Goal of the exercise — In your copy, include every record exactly and no pictures.

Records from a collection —

========

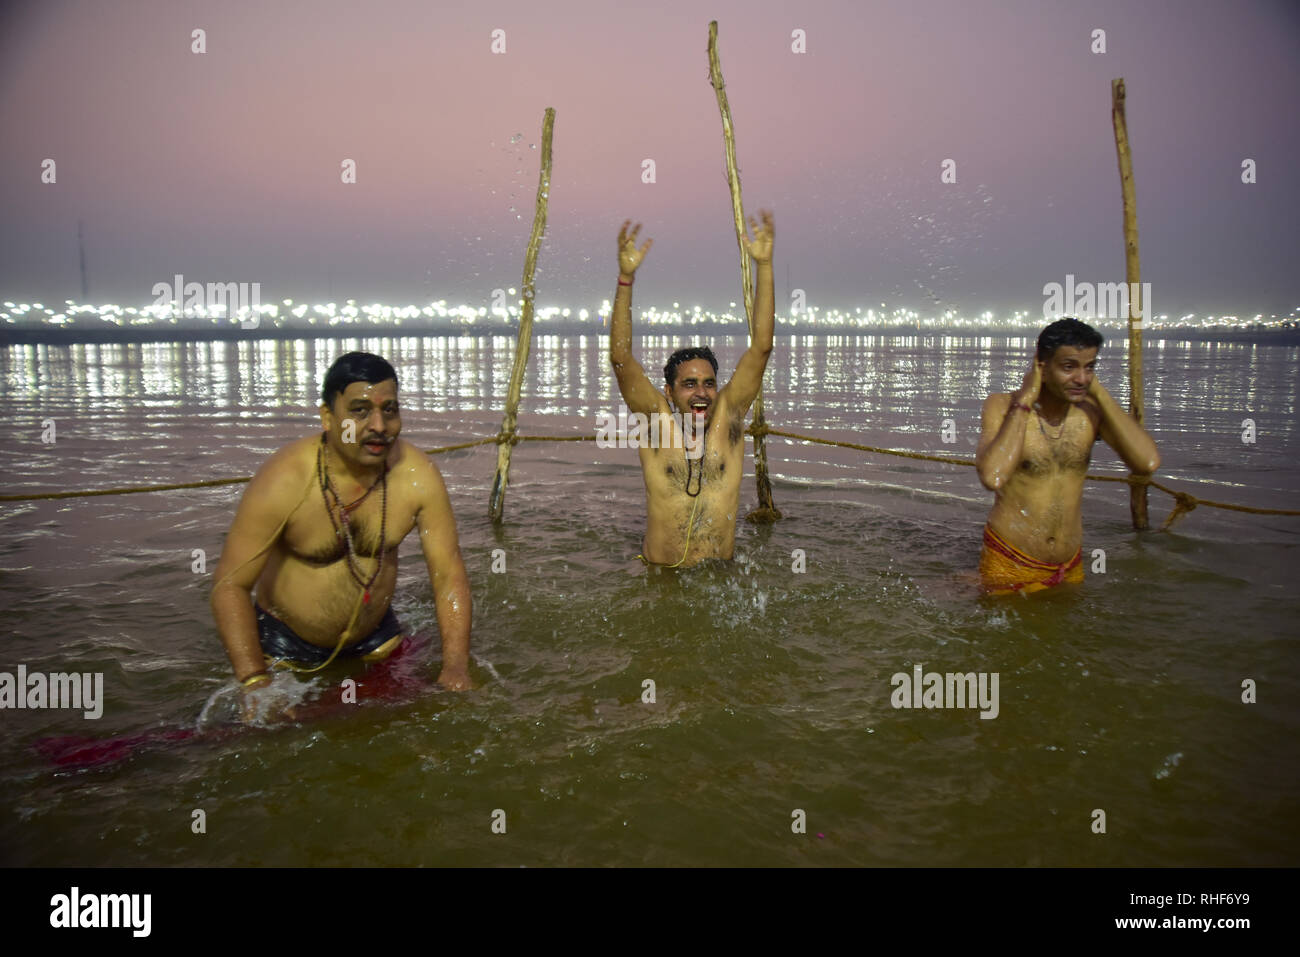 Pilger gesehen ein heiliges Bad während der Wallfahrt. Kumbh Mela, einer der größten Gemeinde des Menschen auf der Erde. Lacs von Menschen werden erwartet am Tag der zweiten Shahi Snan am 4. Februar und Arrangements sind entsprechend in Prayagraj gemacht. Stockfoto
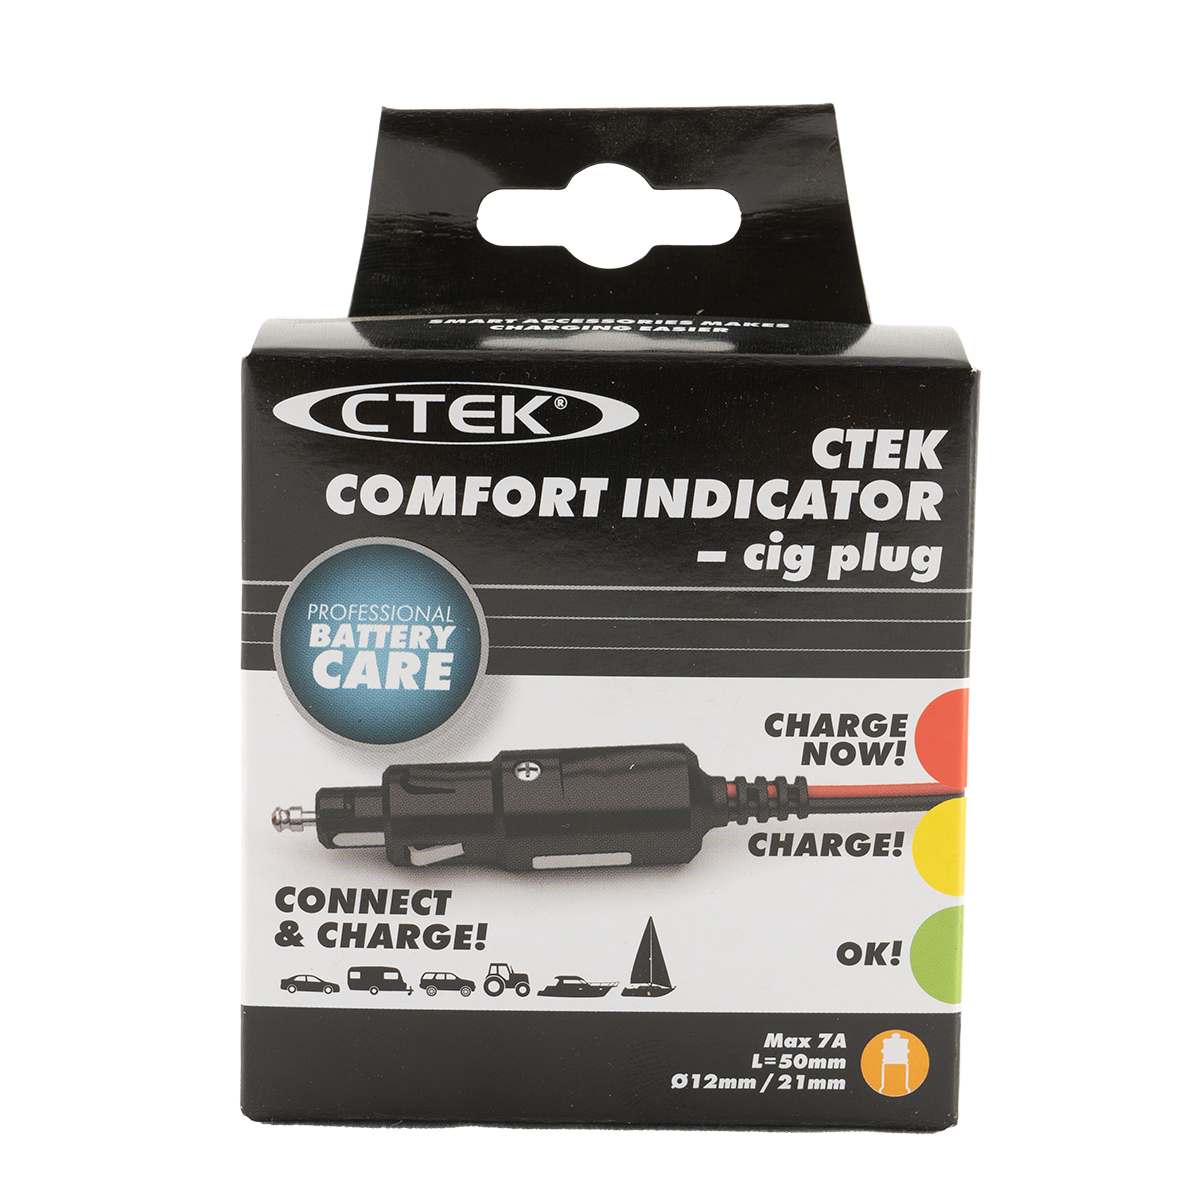 CTEK Comfort Indicator Cig Plug Batterieladeanzeige für 12V Steckdose 500mm
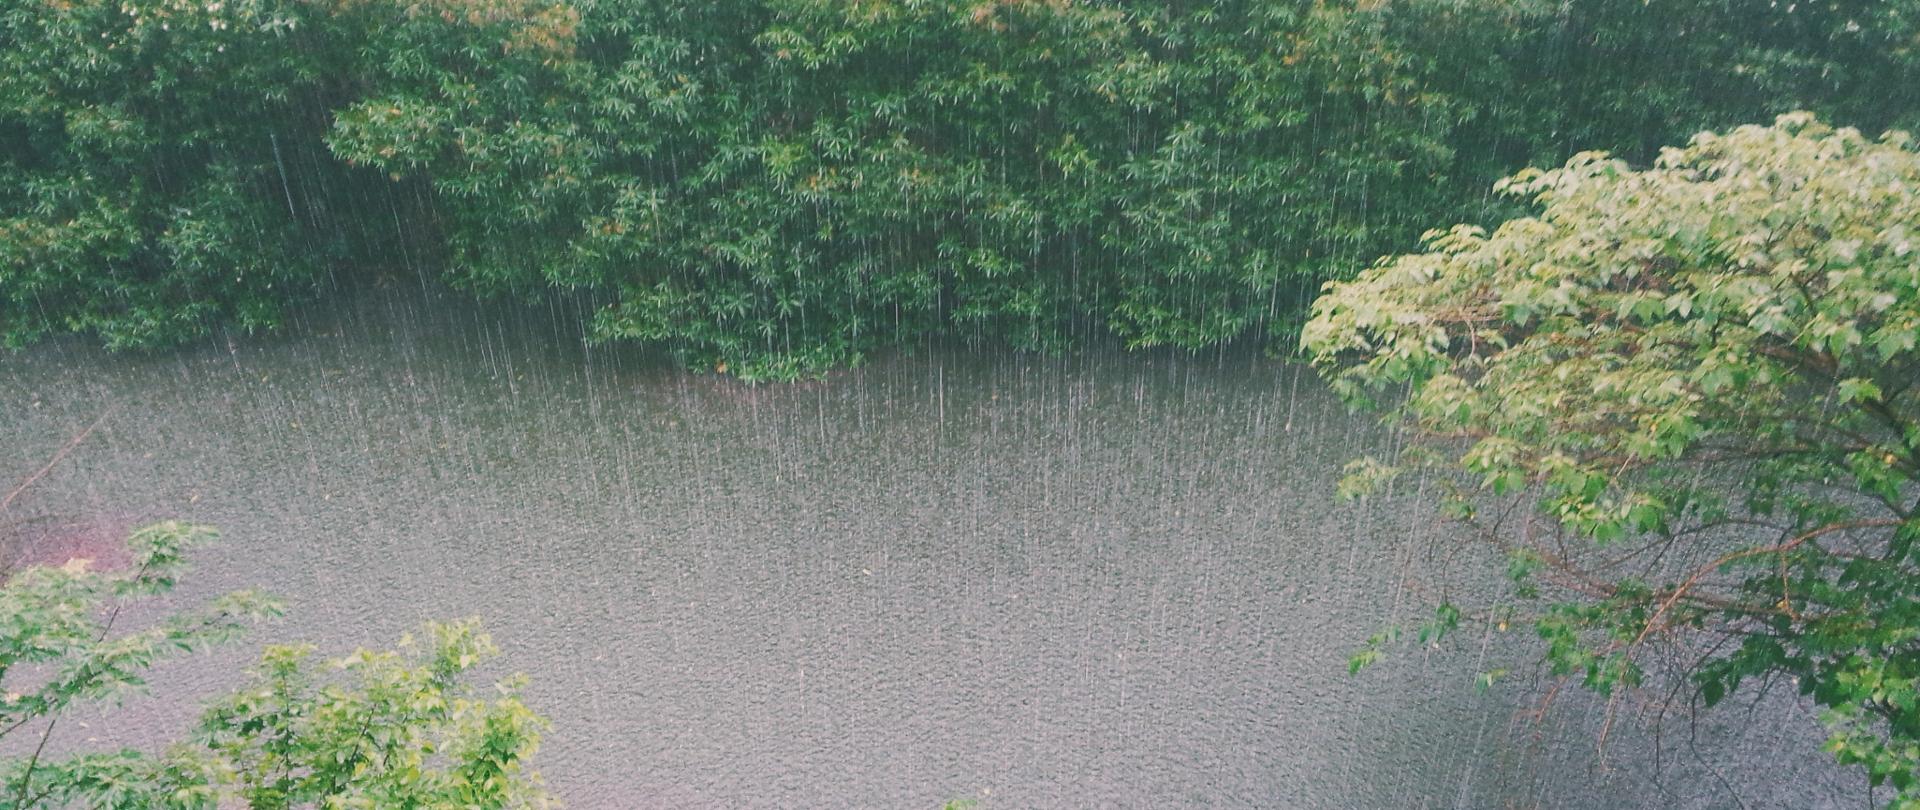 Zdjęcie przedstawia rzekę, nad którą bardzo intensywnie pada deszcz.
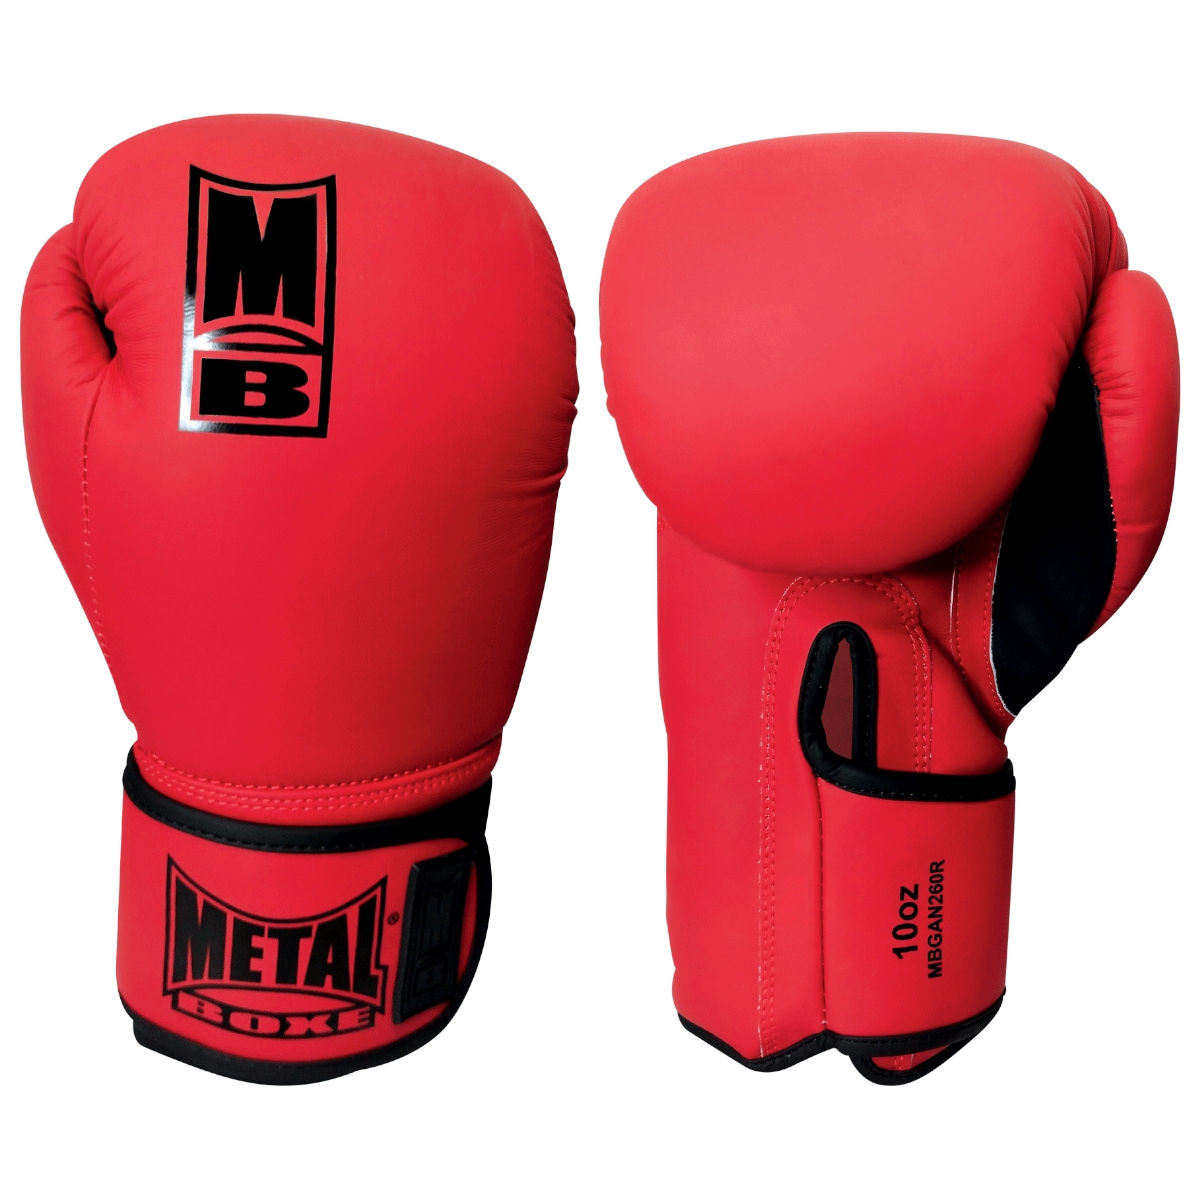 Gants de boxe Métal boxe - MBGAN220 - Rouge
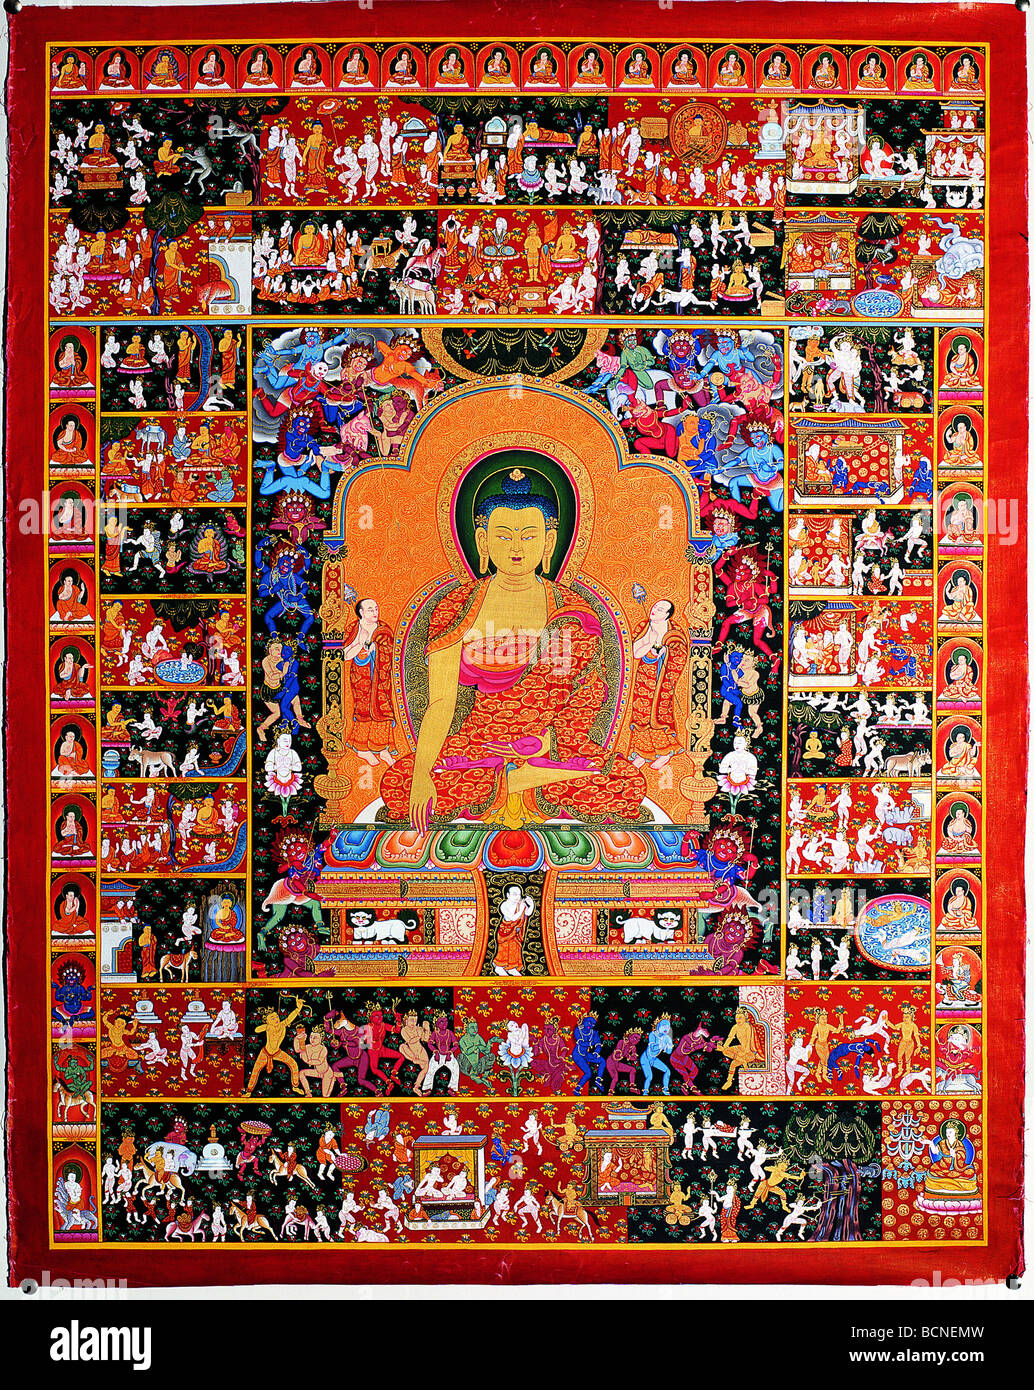 Tangka representando la historia de la vida de Buda, el Tibet, China Foto de stock

========

Answer area —
 Pilger gesehen ein heiliges Bad während der Wallfahrt. Kumbh Mela, einer der größten Gemeinde des Menschen auf der Erde. Lacs von Menschen werden erwartet am Tag der zweiten Shahi Snan am 4. Februar und Arrangements sind entsprechend in Prayagraj gemacht. Stockfoto
 CTEK Comfort Indicator Cig Plug Batterieladeanzeige für 12V Steckdose 500mm
 Zdjęcie przedstawia rzekę, nad którą bardzo intensywnie pada deszcz.
 Gants de boxe Métal boxe - MBGAN220 - Rouge
 Tangka representando la historia de la vida de Buda, el Tibet, China Foto de stock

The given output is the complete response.